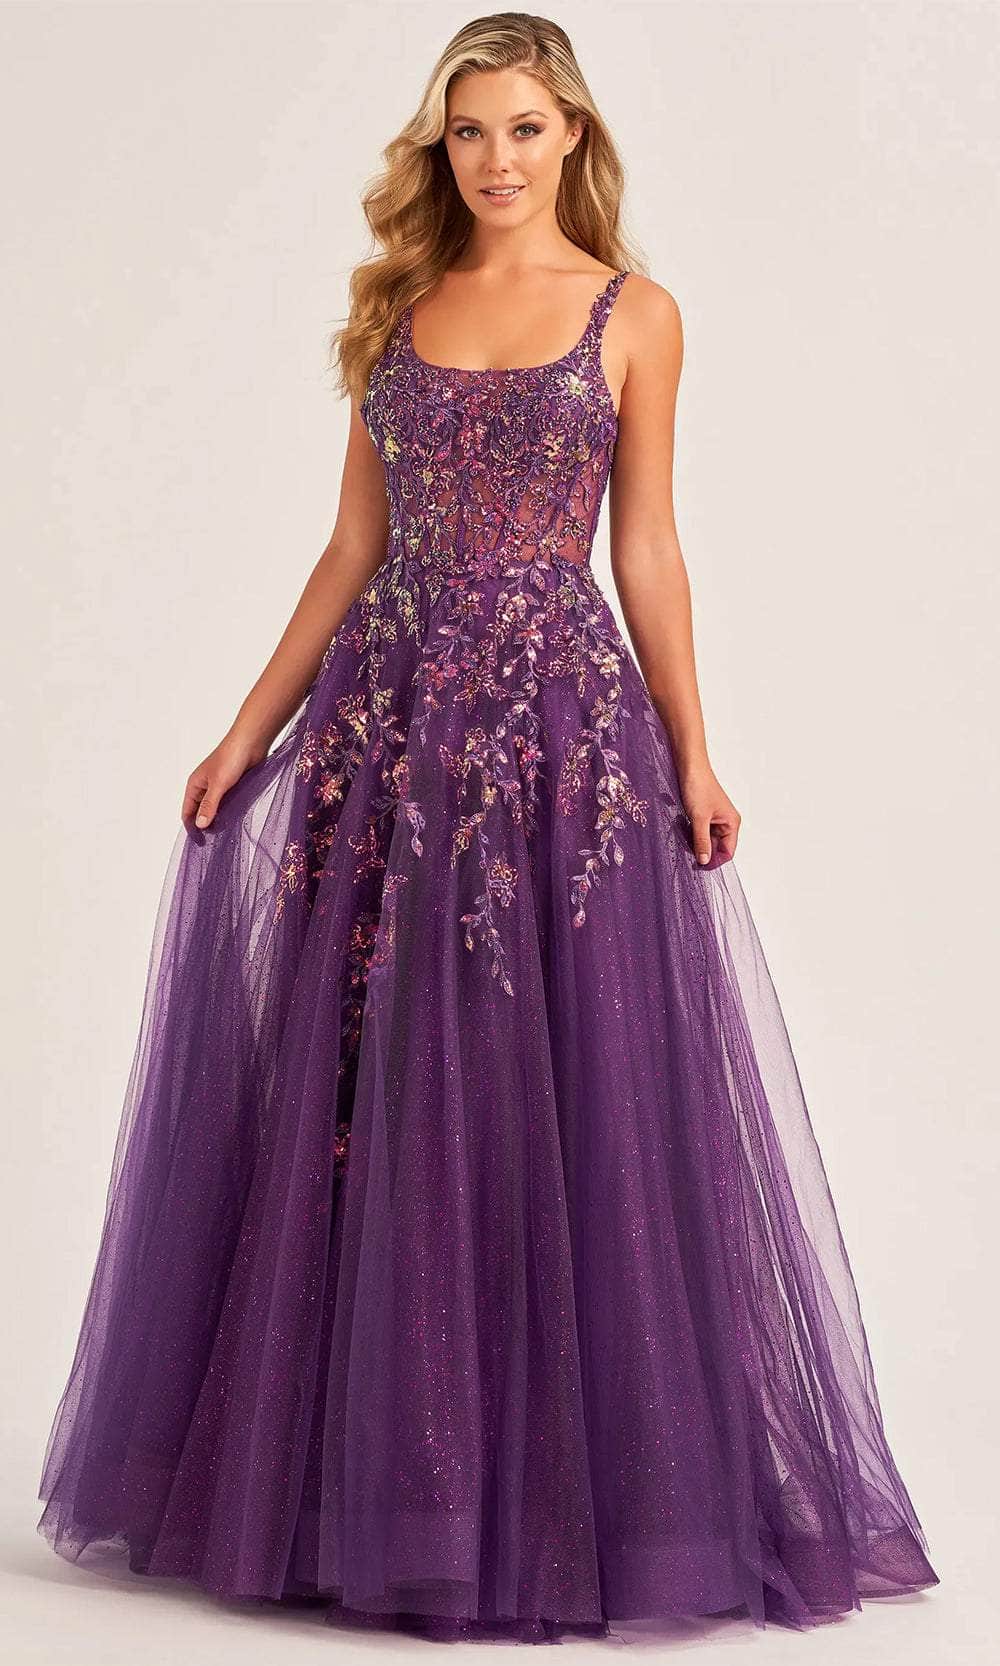 Ellie Wilde EW35242 - Embroidered Sleeveless A-Line Prom Gown
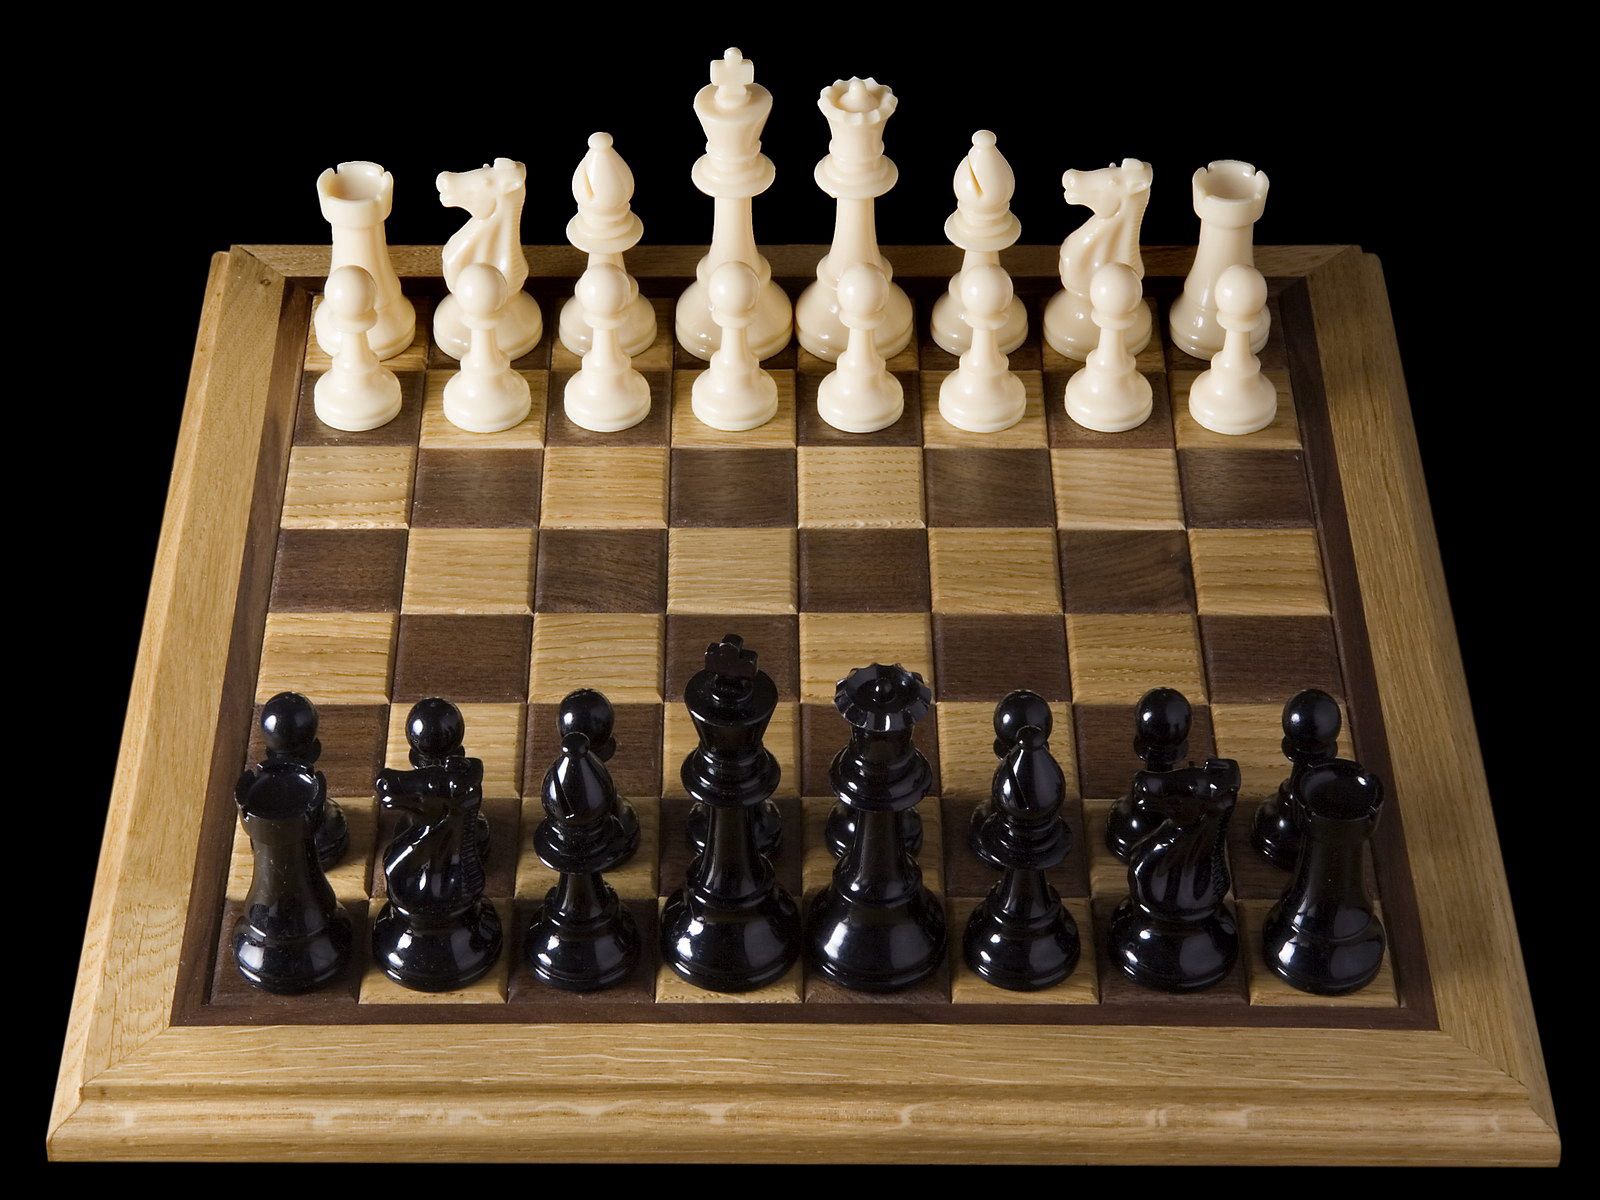 chess, consignment, sports, black, white, shapes, shape, game, board, party 4K
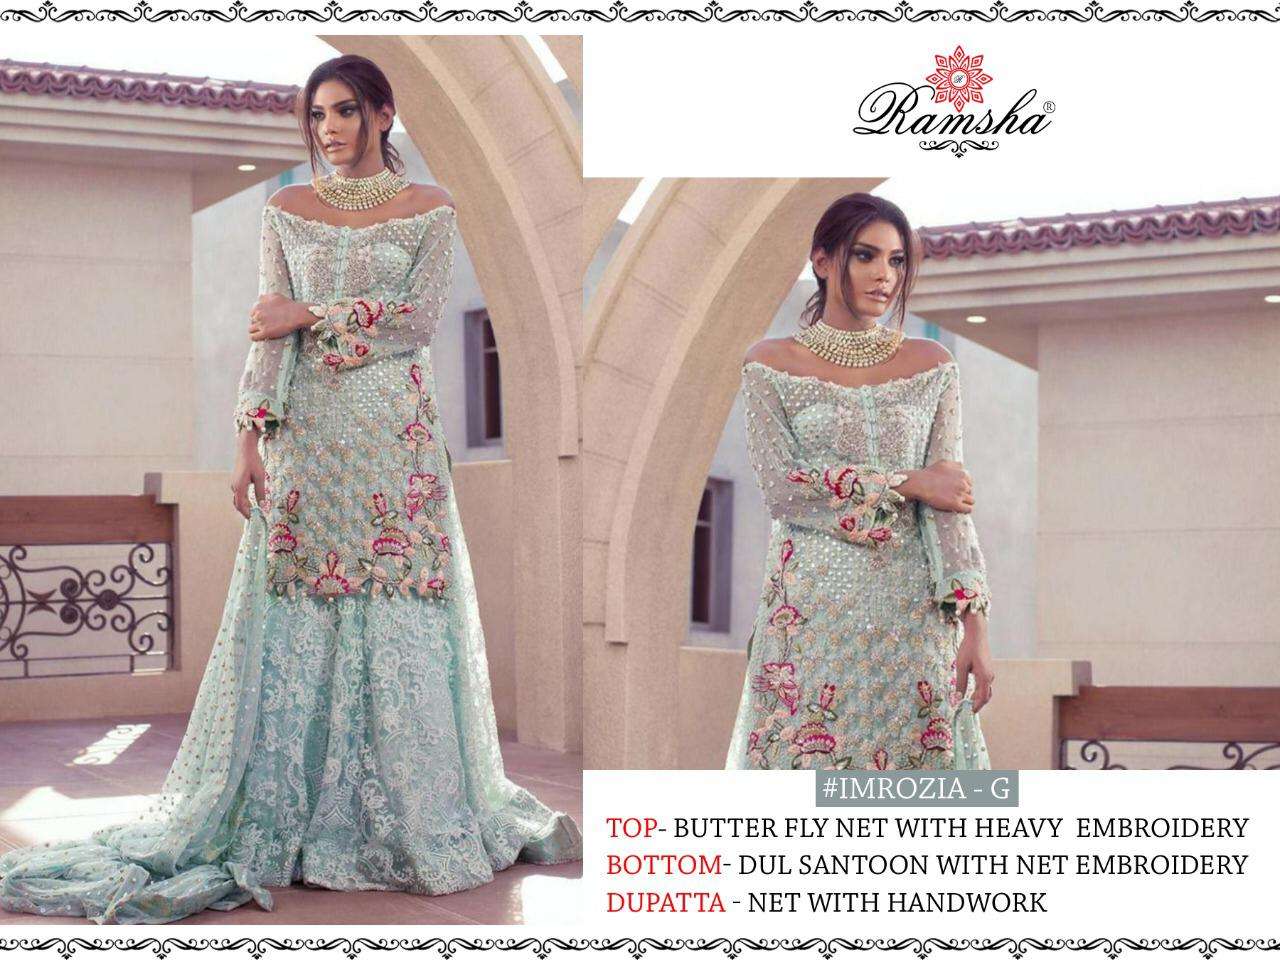 RAMSHA PRESENTS IMROZIA NX BUTTER FLY NET WITH HEAVY EMBROIDERY DESIGNER PAKISTANI SUITS
• • •
### DIRECTIONS FOR THIS TASK
Where a picture appears in the data, omit it; restate the rest word for word.

### RESULT FOR THIS TASK
 Ellie Wilde EW35242 - Embroidered Sleeveless A-Line Prom Gown
 chess, consignment, sports, black, white, shapes, shape, game, board, party 4K
 RAMSHA PRESENTS IMROZIA NX BUTTER FLY NET WITH HEAVY EMBROIDERY DESIGNER PAKISTANI SUITS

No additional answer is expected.